- _Work required_: With both ends included, repeat exactly the lines of the entries below from the one containing "Гроссмейстер Сергей Шипов, пионер" down to the one containing "Ceramic Mantel Clock with Enclosed Face", and no others.

==== Records for this task

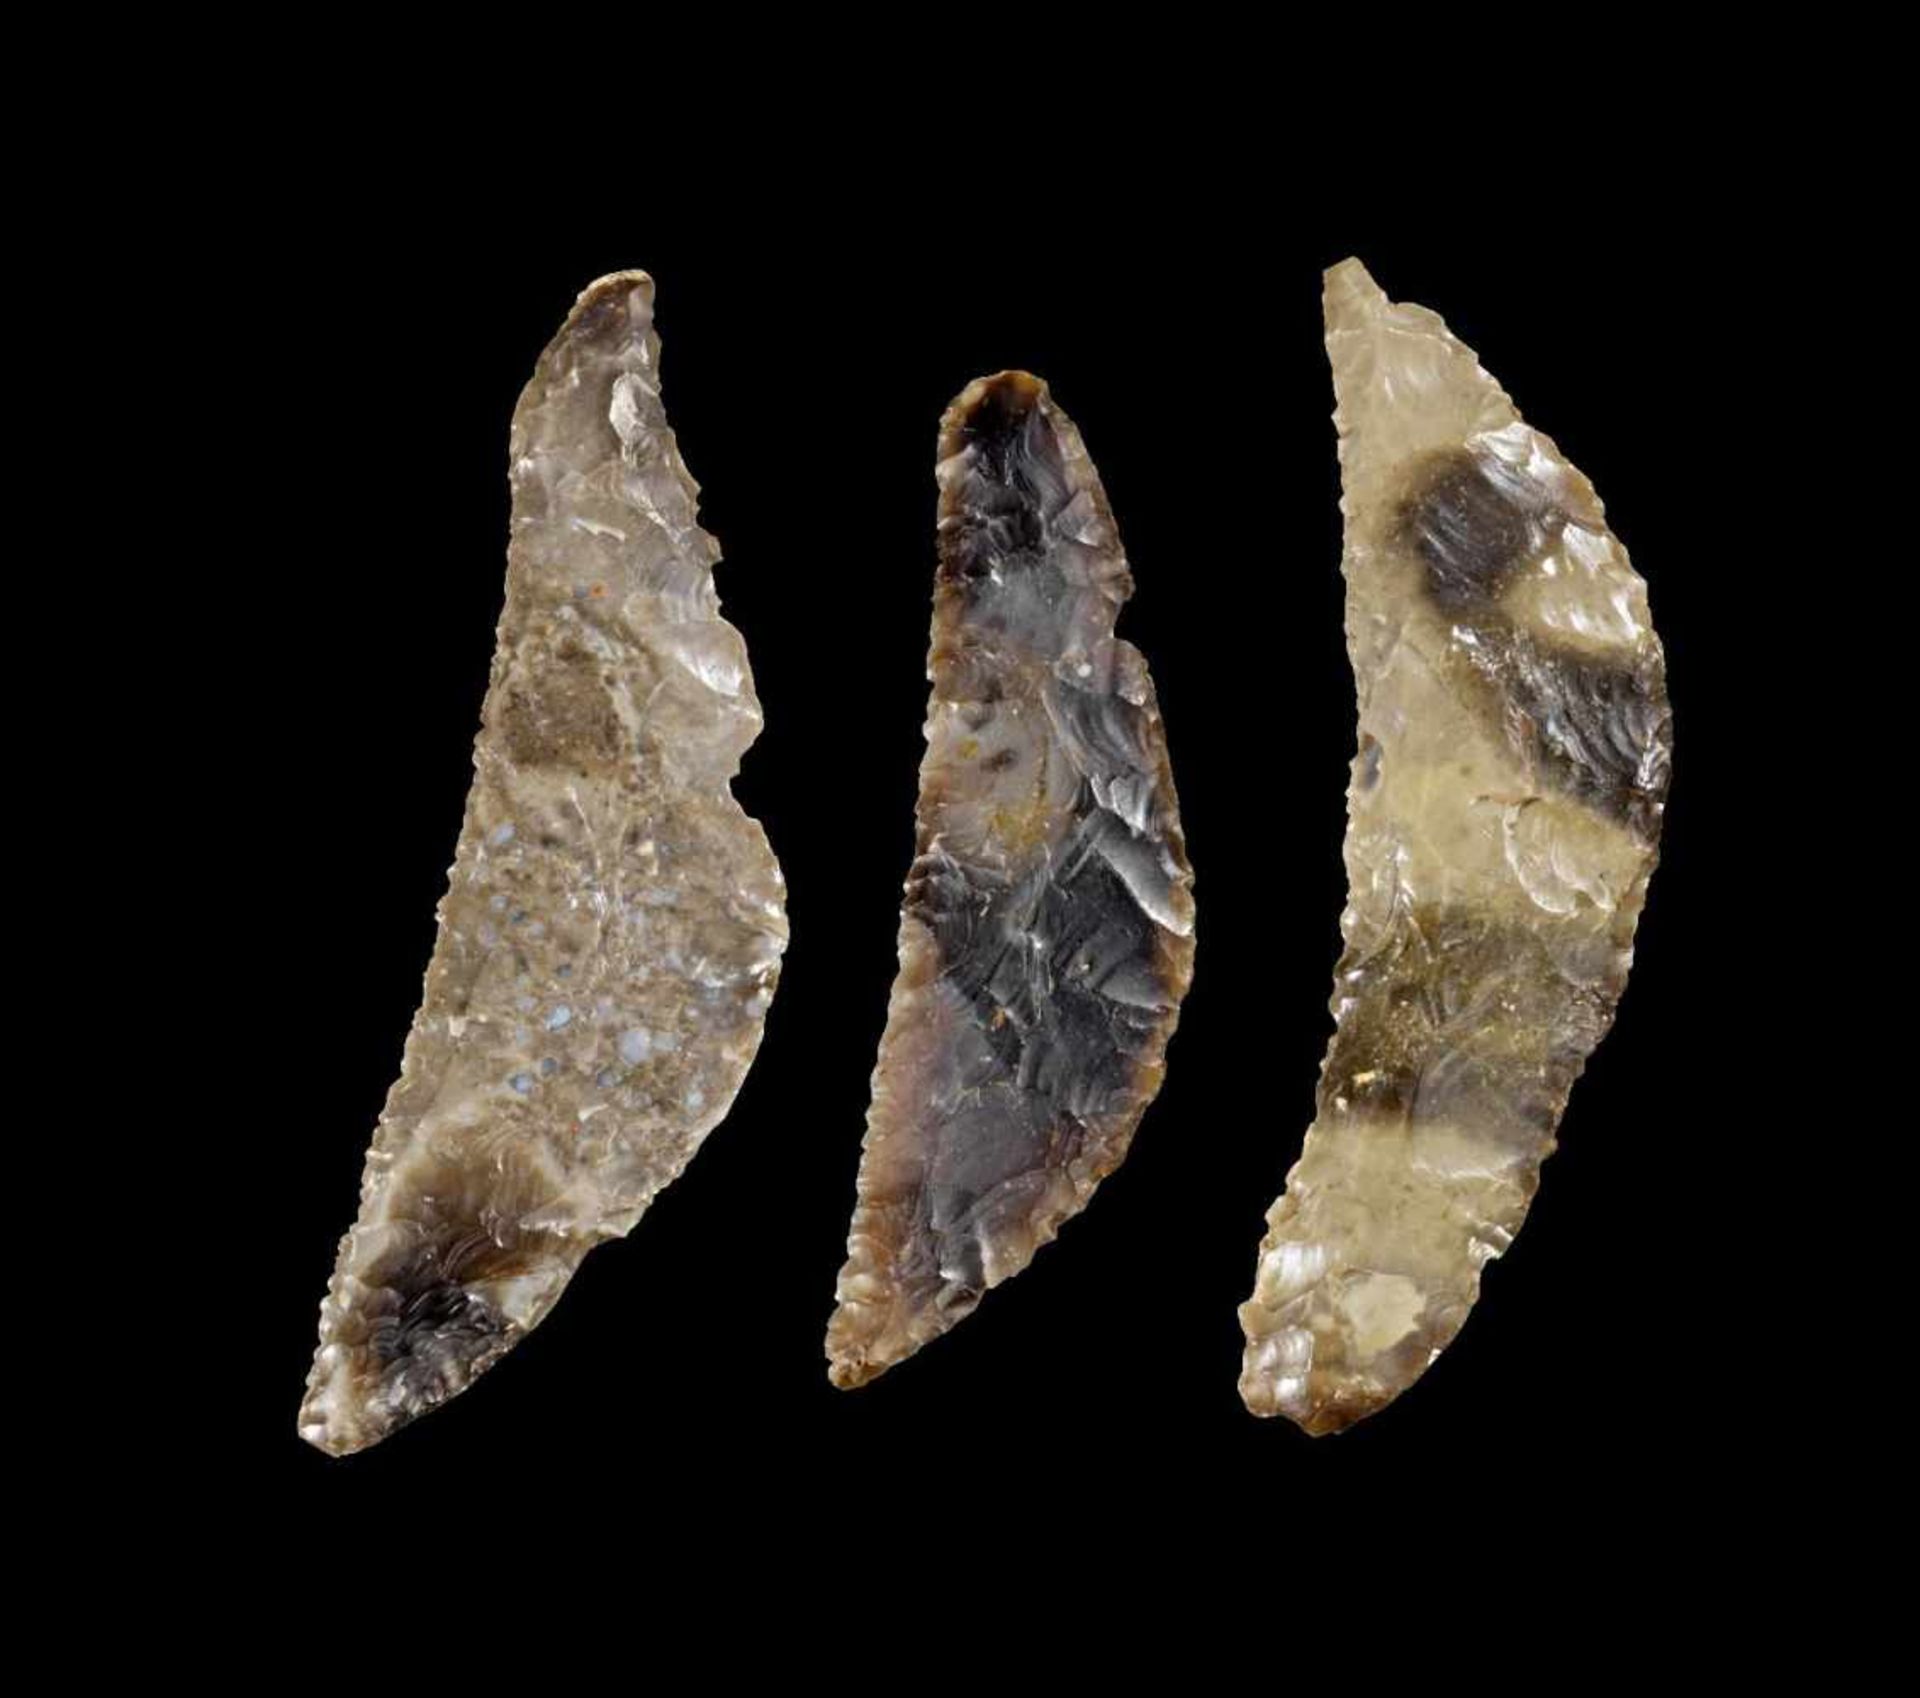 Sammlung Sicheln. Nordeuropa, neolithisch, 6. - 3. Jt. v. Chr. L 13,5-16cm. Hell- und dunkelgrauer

========
==== Records for this task

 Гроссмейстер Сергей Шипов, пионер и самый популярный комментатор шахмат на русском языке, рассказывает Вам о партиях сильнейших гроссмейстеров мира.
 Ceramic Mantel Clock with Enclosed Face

========
==== Records for this task

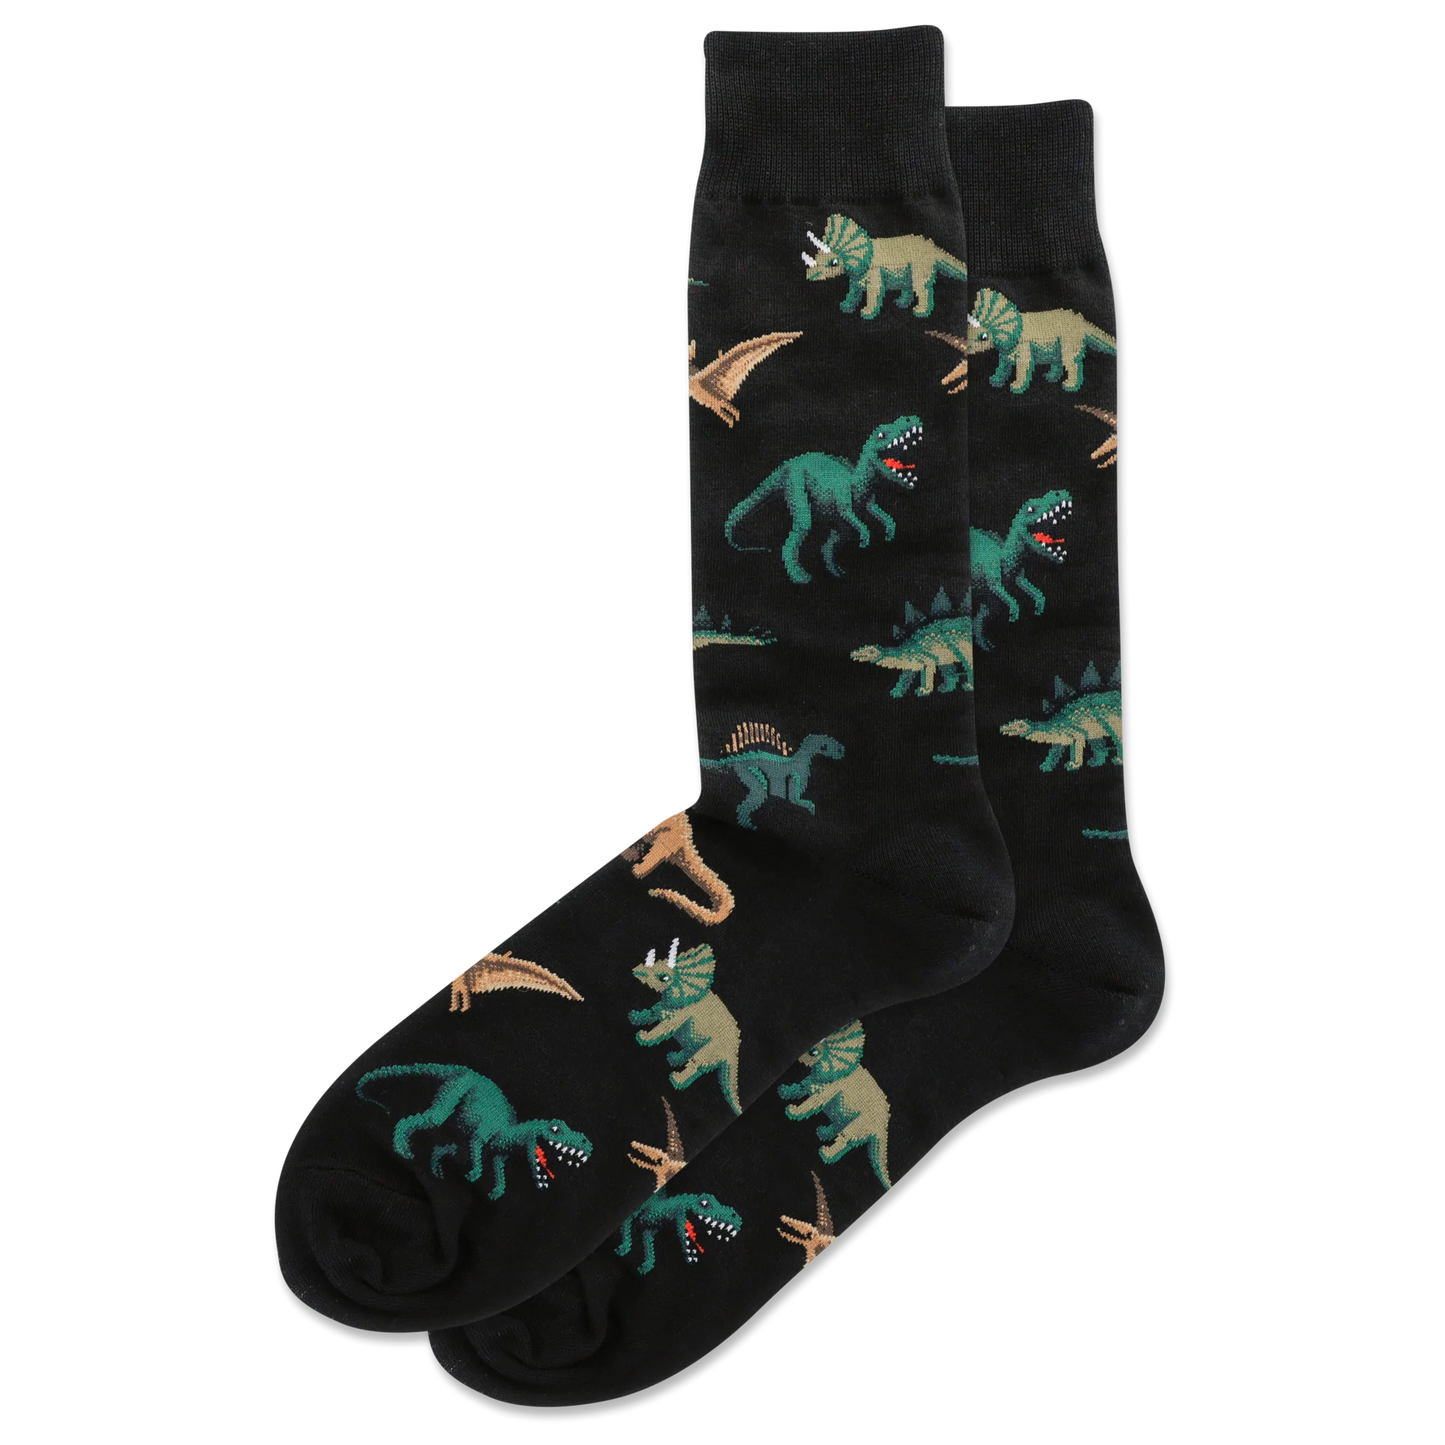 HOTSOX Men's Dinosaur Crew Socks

========

- _Exercise output_:
 Гроссмейстер Сергей Шипов, пионер и самый популярный комментатор шахмат на русском языке, рассказывает Вам о партиях сильнейших гроссмейстеров мира.
 Ceramic Mantel Clock with Enclosed Face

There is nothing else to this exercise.